In the first method, the eigenvalue $\lambda(\delta m^2)$ of the matrix is found numerically and $\delta m^2$ is fixed
to get $\lambda \equiv 1$ to less than $0.5\%$.  For the second method, $\delta m^2$ is calculated by a standard
iteration procedure, starting from the perturbative result.  Since both methods give identical results to less than $1\%$
we only quote the results obtained with the second method.

The results for  the dimensionless coupling constant $\alpha=g^2/(16\pi m^2)=3$ and for different values of the cutoff
parameter $L$ are  shown in table \ref{tab1}. We denote  by $\delta m^{2}/\delta m^{2}_0 $ the ratio of the value
$\delta m^{2}$ found from  eq. (\ref{eq11a}), to the perturbative value $\delta m^{2}_0 $, given by eq. (\ref{eq10}).
The values $N_{1,2,3}$ denote the contributions of the corresponding Fock sectors to the normalization of the state
vector.
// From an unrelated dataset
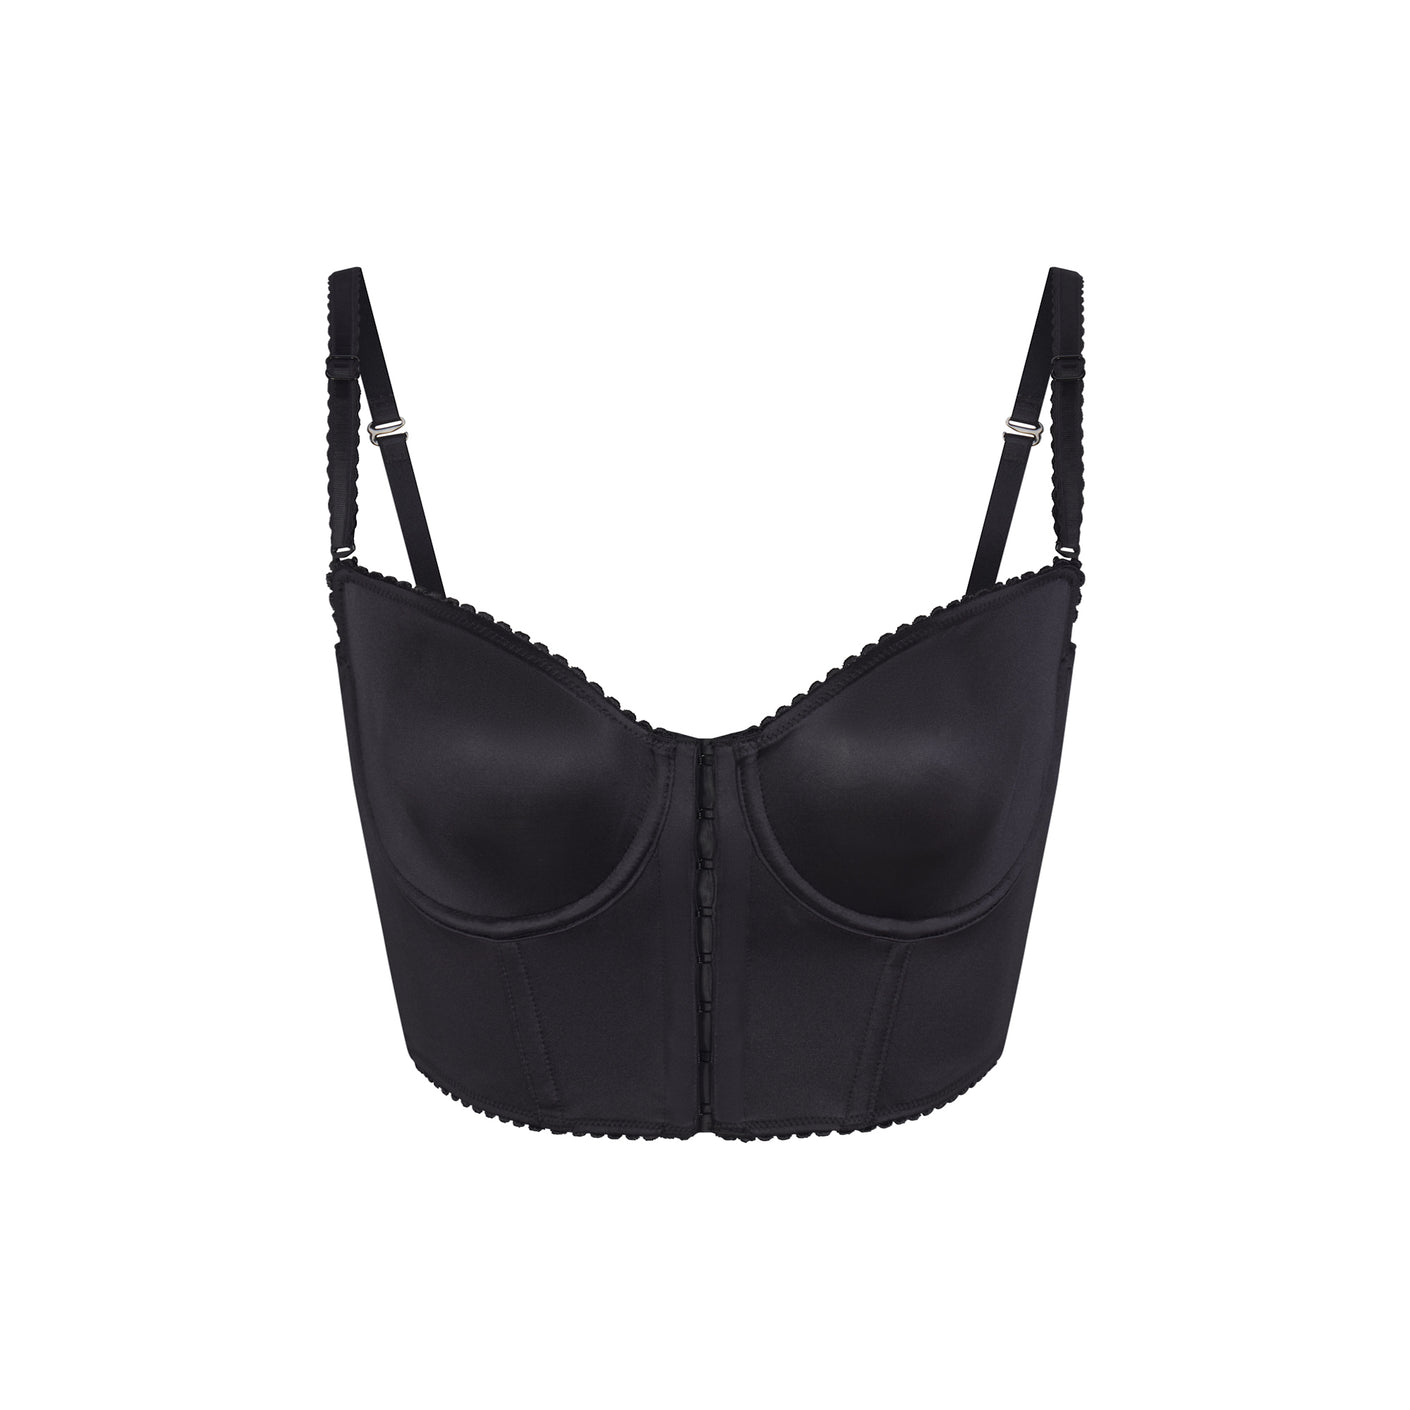 Track Skims Lace Unlined Balconette Corset - Onyx - M at Skims
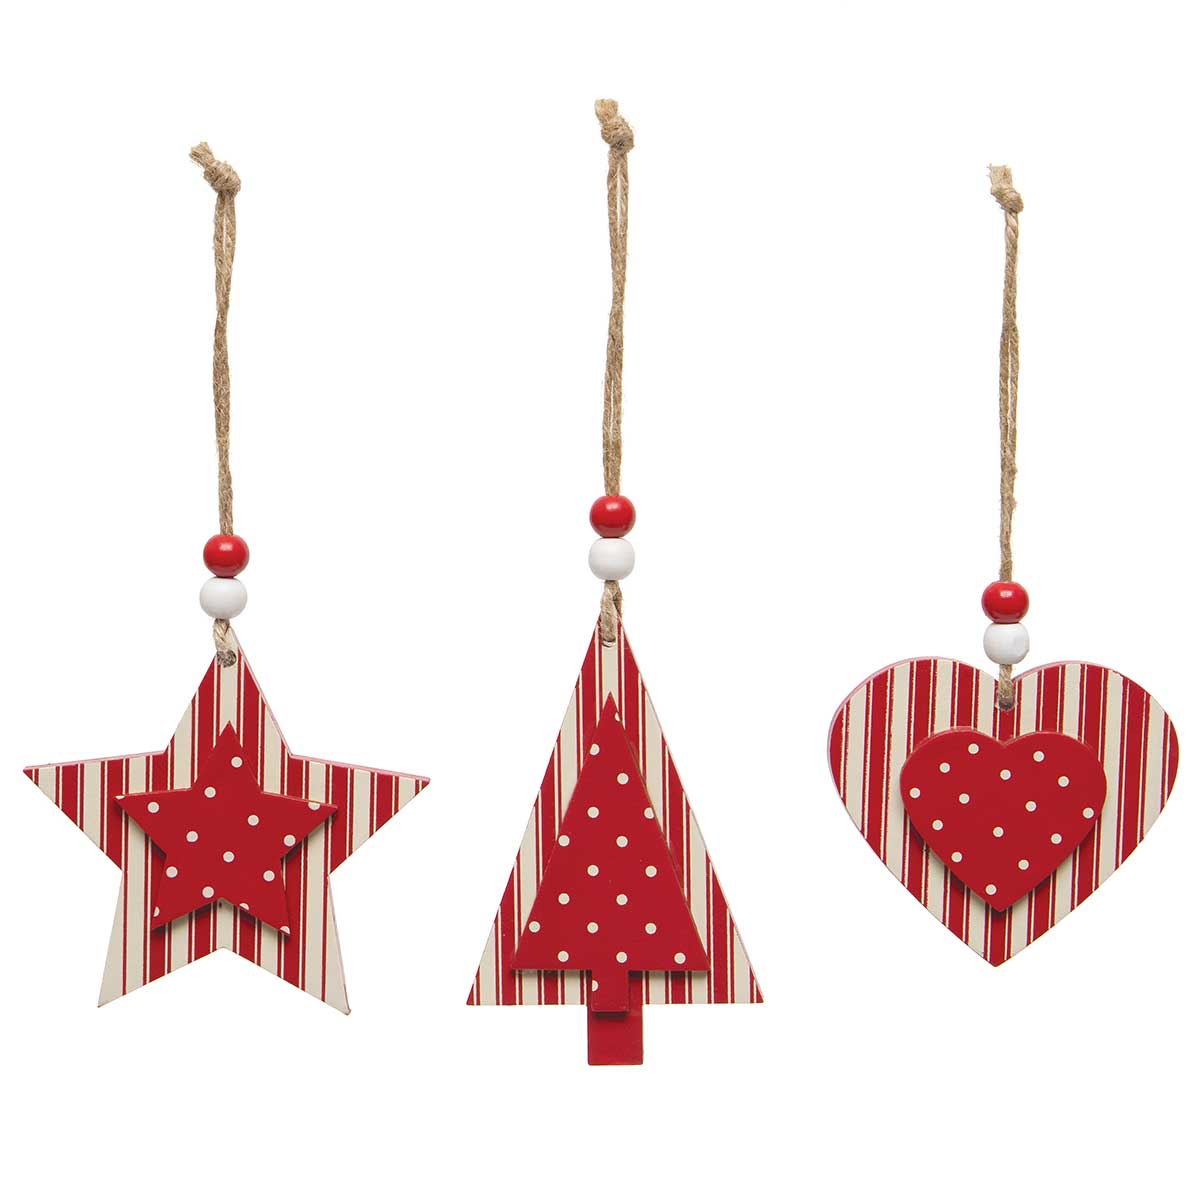 !TICKING WOOD ORNAMENT RED/CREAM WITH PINDOTS, BEADS b50

In order to characterize the wave function quantitatively, we calculate also the average value of the (absolute)
relative momentum  $<q>$, normalized to the two-body Fock component:
	\begin{equation}
	<q>=\frac{1}{N_{2}} \frac{1}{2(2\pi)^3}\int \phi_2^2(\vec{q},\vec{n}) \frac{[\varepsilon(q,m)+\varepsilon(q,\mu)]} {\varepsilon(q,m)\varepsilon(q,\mu)} \ q \ d^3q\ .
	\end{equation}

	\begin{table}[!htb]
	\begin{center}
	\begin{tabular}{||r||l|l|l|l|l|l||}
	\hline $L$      &  1  & 5  & 10   & 50 & 100  & 200\\
	\hline $\delta m^{2}_0$          &-1.234 &-3.67  &-4.82  &-7.54  &-8.71  &-9.88 \\
	\hline $\delta m^{2}/\delta m^{2}_0$          & 1.095 & 1.052 & 1.040 & 1.025 & 1.022 & 1.020 \\
	\hline $N_1$    & 0.377 & 0.329 & 0.327 & 0.326 & 0.326 & 0.326 \\
	\hline $N_2$    & 0.441 & 0.455 & 0.456 & 0.458 & 0.458 & 0.458 \\
	\hline $N_2/N_{1}$ & 1.183 & 1.380 & 1.395 & 1.407 & 1.405 & 1.405\\
	\hline $N_3$    & 0.182 & 0.216 & 0.217 & 0.216 & 0.216 & 0.216 \\
	\hline $<q>$    & 0.366 & 0.538 & 0.565 & 0.588 & 0.591 & 0.593\\
	\hline
	\end{tabular}
	\end{center}
	\caption{\label{tab1} Numerical results for $\alpha=3$, as a function  of the cut-off $L$.}
	\end{table}

One clearly sees that though $\delta m^{2}$ increases logarithmically, the contributions of the Fock components
$N_1,N_2,N_3$, as well as the average momentum $<q>$  in the two-body Fock component become stable after $L=5$.
This  means that we indeed found numerically the renormalized solution for the wave function.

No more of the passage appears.